## Recorded data:
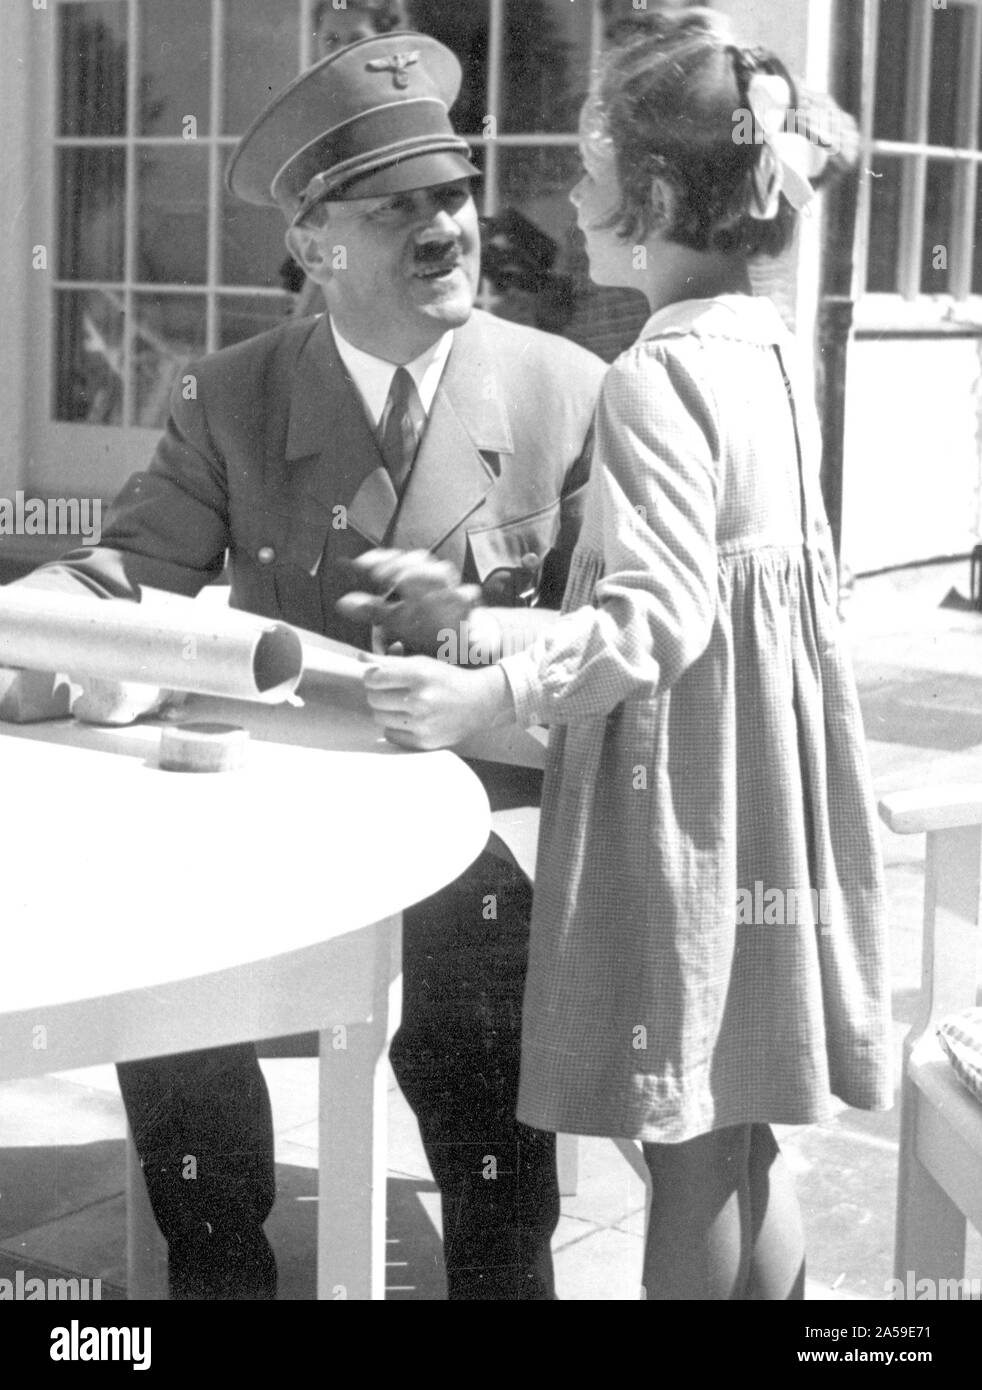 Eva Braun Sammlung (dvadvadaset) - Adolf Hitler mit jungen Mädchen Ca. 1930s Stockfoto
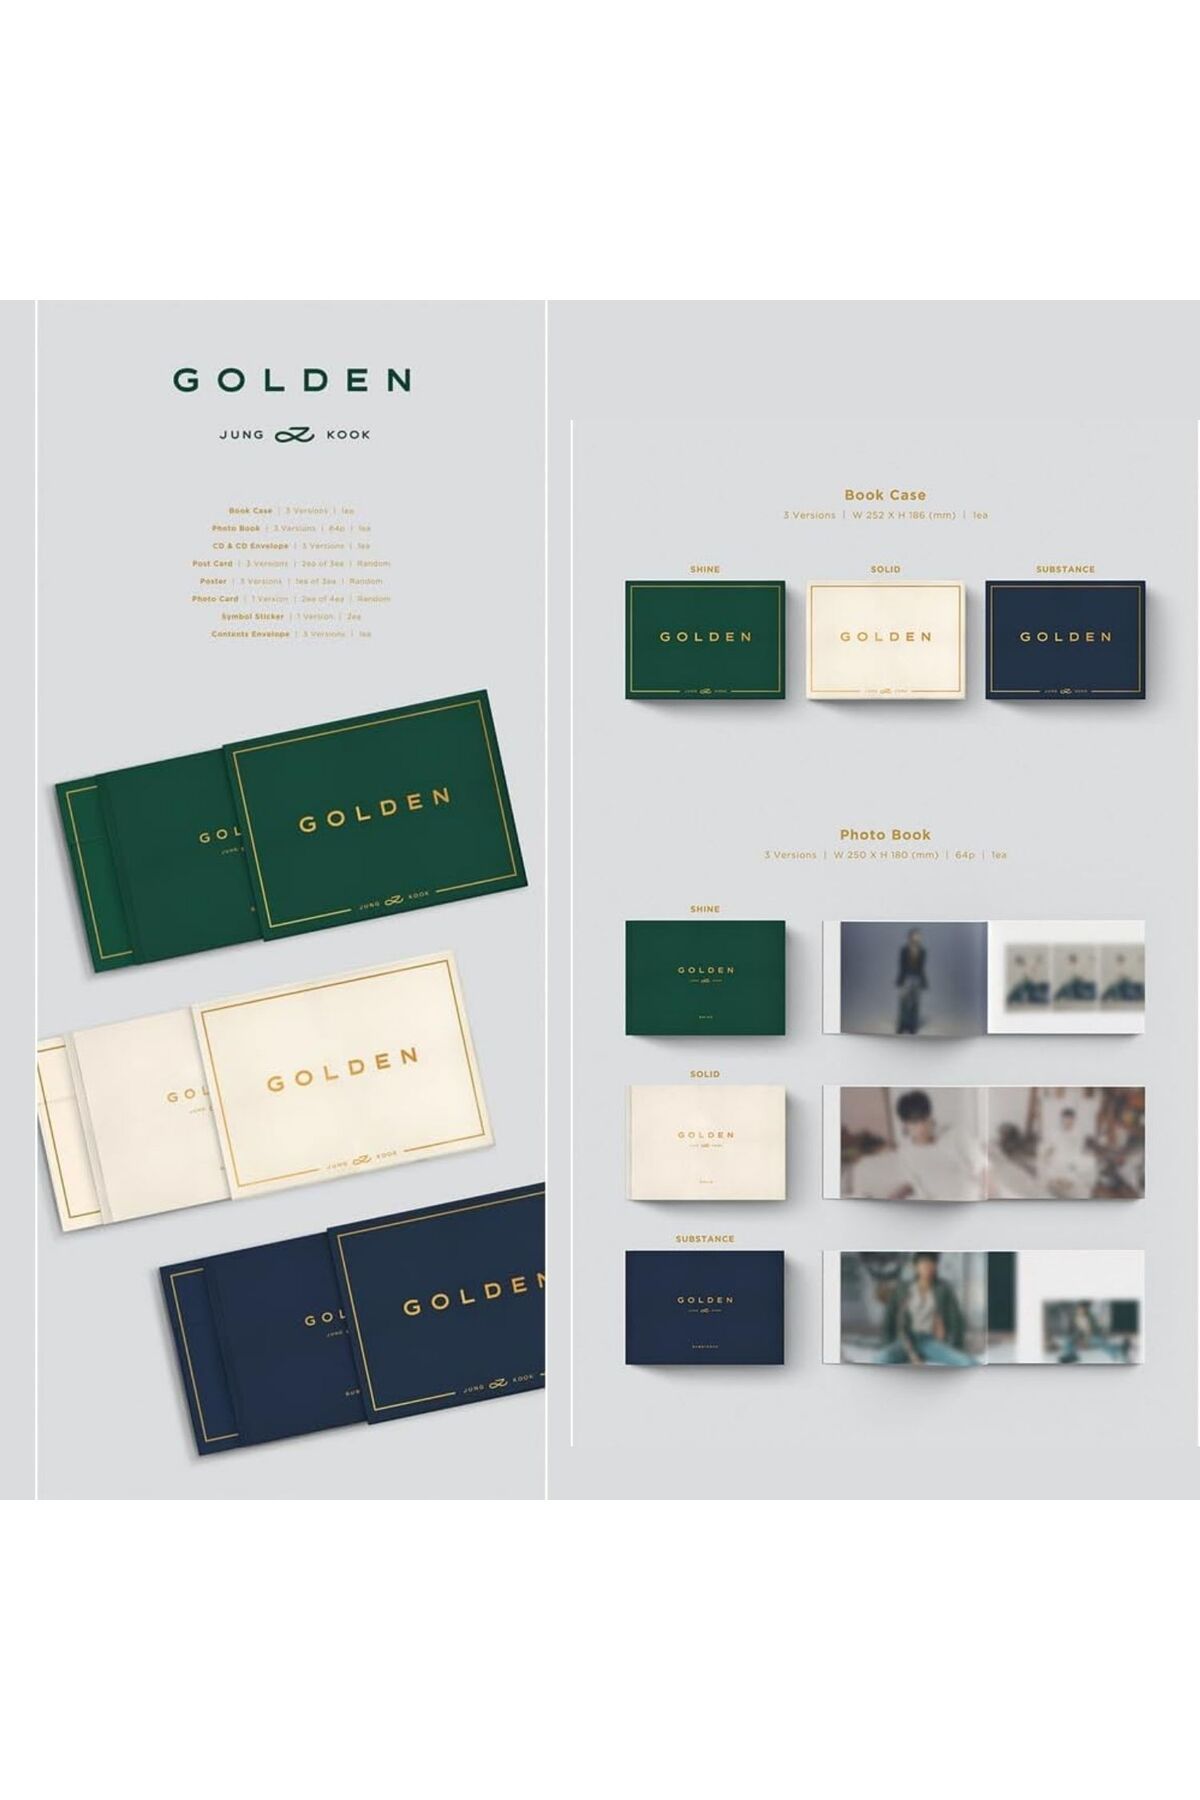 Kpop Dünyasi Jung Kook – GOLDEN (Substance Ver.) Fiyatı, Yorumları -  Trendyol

...

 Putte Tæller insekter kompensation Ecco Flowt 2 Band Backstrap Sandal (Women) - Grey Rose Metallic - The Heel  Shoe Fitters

==

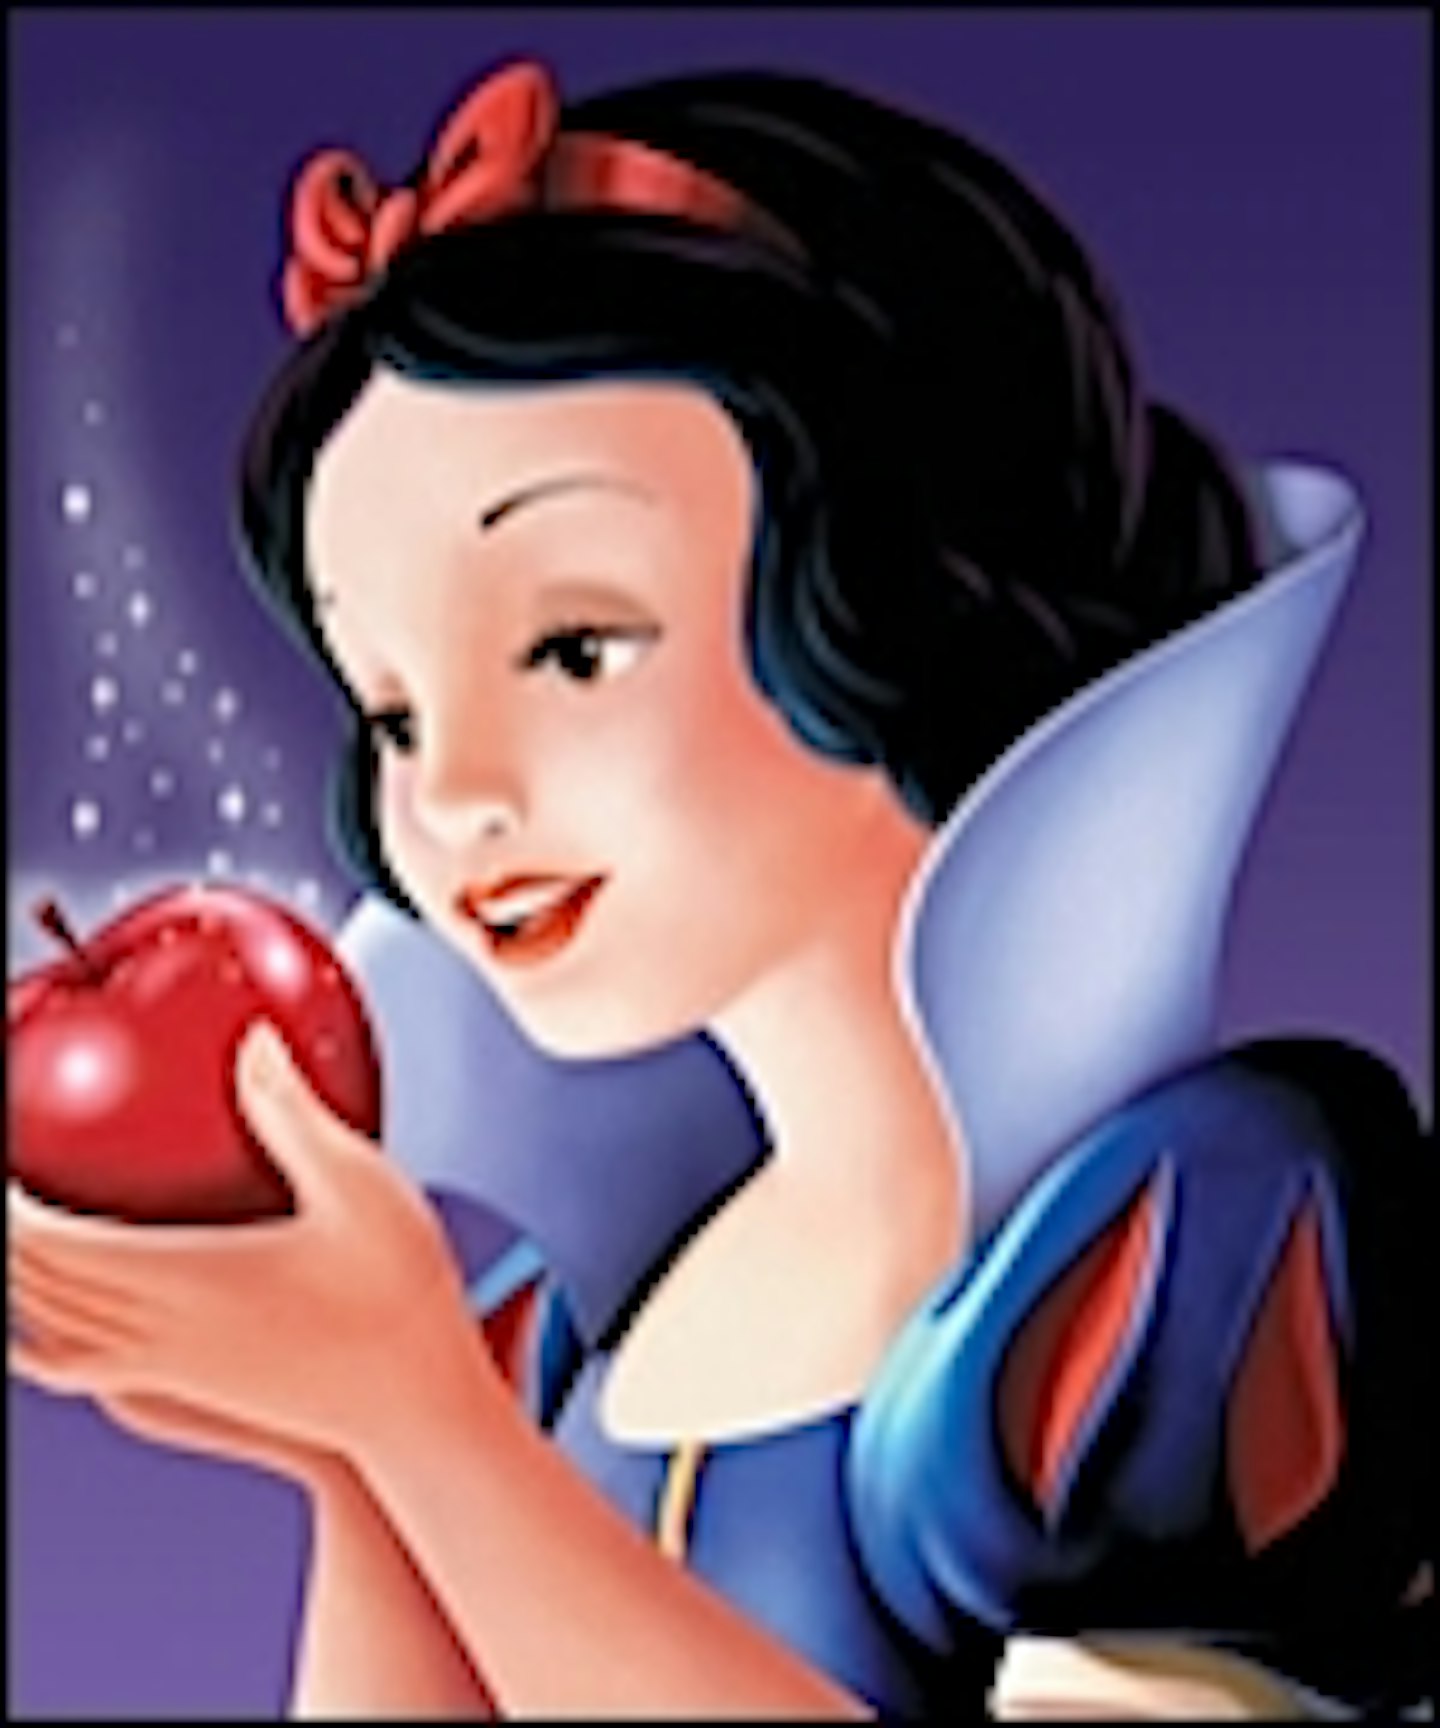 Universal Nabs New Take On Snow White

## Your goal:
In the listing above, find the line with "Eva Braun Sammlung" and the line with "Kpop Dünyasi Jung". Copy both of them and every line between, exactly, but not the pictures.

## Written solution:
 Eva Braun Sammlung (dvadvadaset) - Adolf Hitler mit jungen Mädchen Ca. 1930s Stockfoto
 Kpop Dünyasi Jung Kook – GOLDEN (Substance Ver.) Fiyatı, Yorumları -  Trendyol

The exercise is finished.